# Spouse visa - "Genuine and subsisting relationship" document requirements



## mlewns (Jul 2, 2013)

Hi all,

I am soon to begin my application for a spousal visa through the VAF4A online form. 

In "documents required" it lists "evidence you have met."

In "can you apply", it says you have to show evidence that your relationship is genuine and subsisting.

However, nowhere I have found on the UKBA website shows ANYTHING specific about these documents.

*Can someone direct me to a legitimate/reliable source for this info? Preferably something official like UKBA.* Or also just let me know the new 2013 requirements?

I imagine it'd include: letters, emails, photos, used plane tickets, etc, but I don't know how much is too little or too much.

I've had a student visa refused before because of documents required, so I want to be thorough with this.

Thank you!


----------



## nyclon (Apr 3, 2011)

There is no official list because everyone's situation is different. You have to decide what evidence makes your application strong.

As you are married, your marriage certificate is the strongest evidence along with photos from the wedding. Additionally, a few other photos from throughout your relationship, trip tickets, a selection of mails, Skype and text screen prints.


----------



## Husband & Wife (Jun 27, 2013)

I was advised by a lawyer that: "no piece of evidence is too small; if it can potentially help you, then include it in your application".


----------



## Joppa (Sep 7, 2009)

Husband & Wife said:


> I was advised by a lawyer that: "no piece of evidence is too small; if it can potentially help you, then include it in your application".

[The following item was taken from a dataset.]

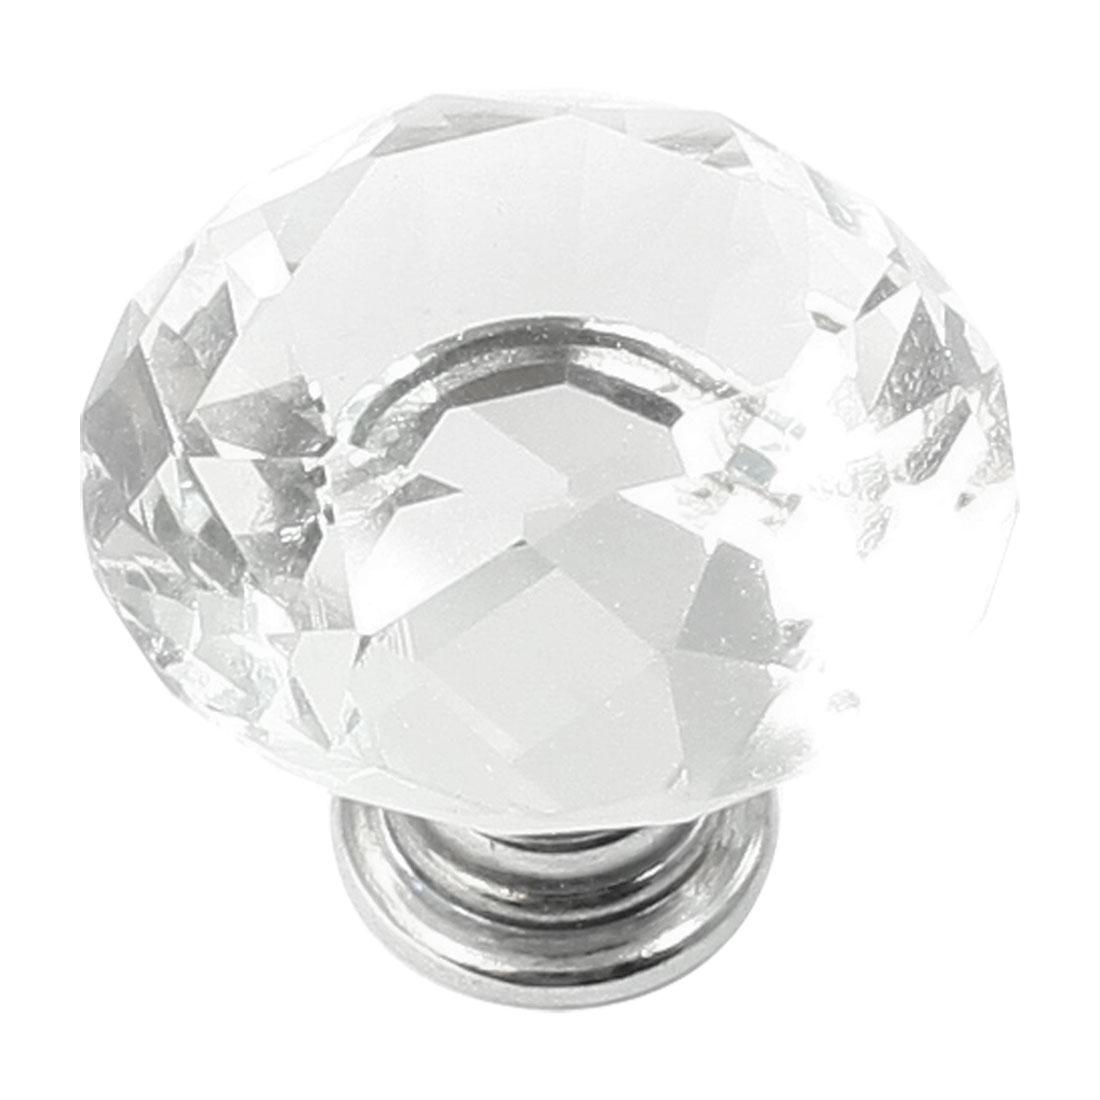 Silver Tone Base Glistening Clear Faux Crystal Knob Drawer Handle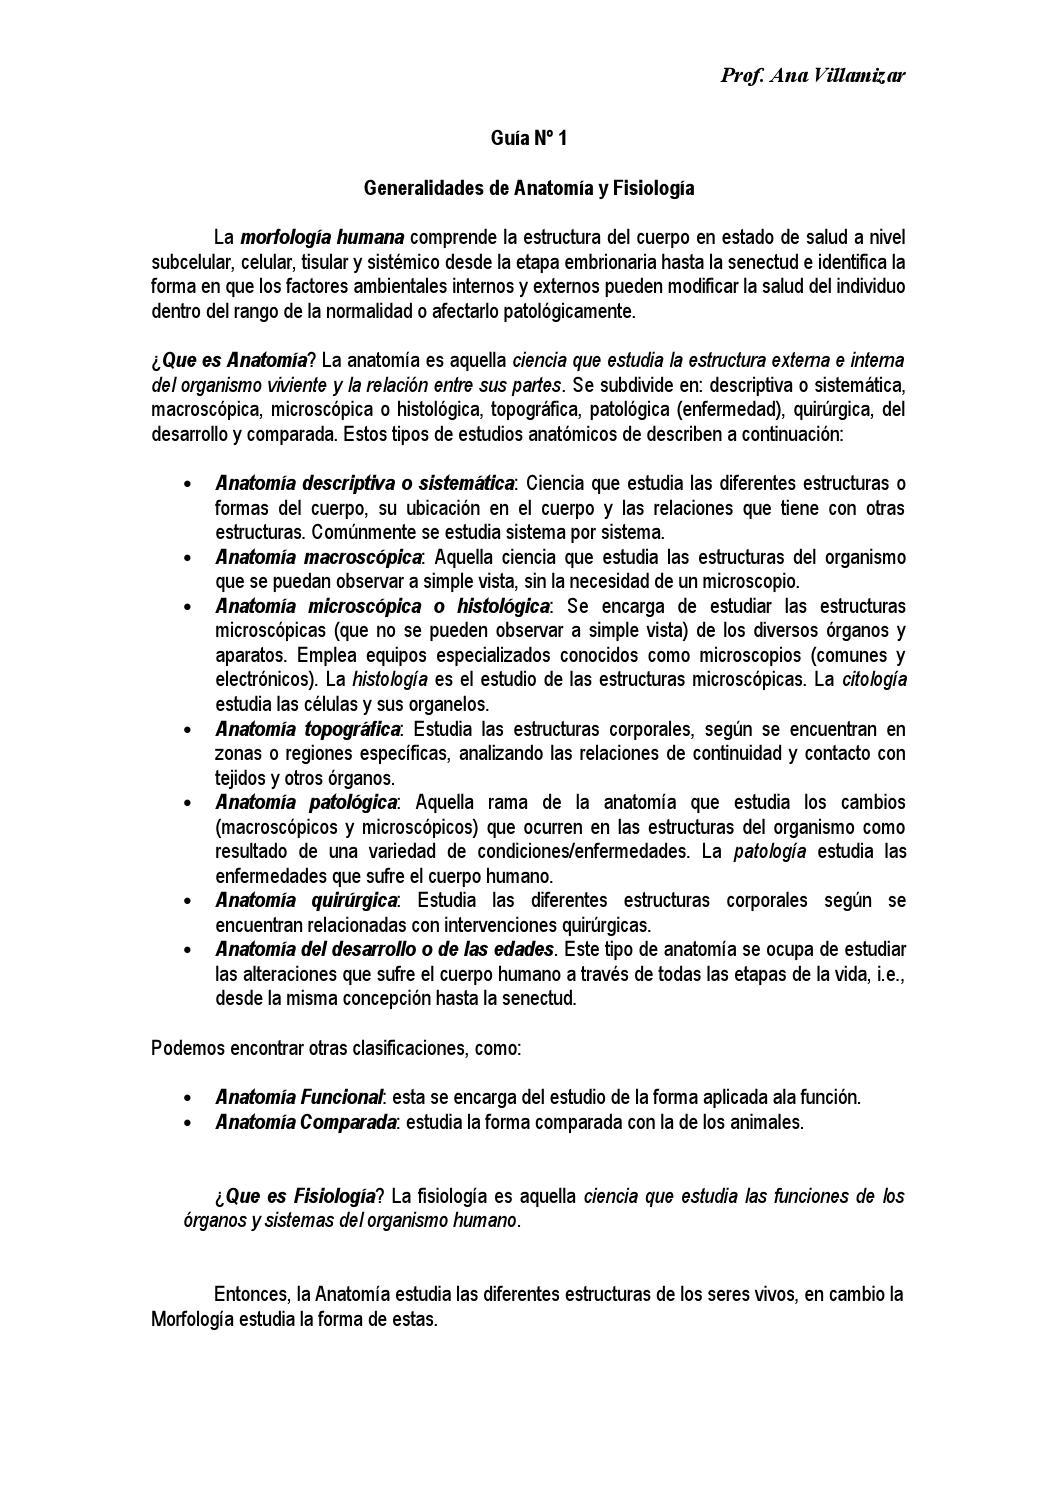 1 1 generalidades de morfologia by profanavillamizar@ - issuu

Yes, but use common sense. No ECOs will enjoy having to trawl through several hundred pages of Skype log just to be convinced that the couple kept in touch with each other. Just a few pieces of evidence for each half-year period will be enough. Same with photos.


----------



## cc9 (Oct 29, 2012)

Joppa said:


> Yes, but use common sense. No ECOs will enjoy having to trawl through several hundred pages of Skype log just to be convinced that the couple kept in touch with each other. Just a few pieces of evidence for each half-year period will be enough. Same with photos.


Am having the same dilemma , trying to provide enough relationship evidence without over burdening the ECO..
My solicitor also recommended providing as much evidence of contact as possible. 
It's hard when u are nervous someone might decide your relationship is not genuine or your contact isn't subsisting enough.
Have decided to go with the advice of the all knowing Joppa


----------



## Joppa (Sep 7, 2009)

The rule of thumb is, if you are trying to decide someone else's authenticity about relationship, what would you look for? If a period of relationship is 5 years, a few pieces of evidence for each 6-month period, 30 in total, should surely be sufficient. But if they have only known each other for a year, you want evidence from each month, several each, which will come to around 36 in all.


----------



## cc9 (Oct 29, 2012)

Thanks Joppa  that makes much more sense when you quantify it in that way


----------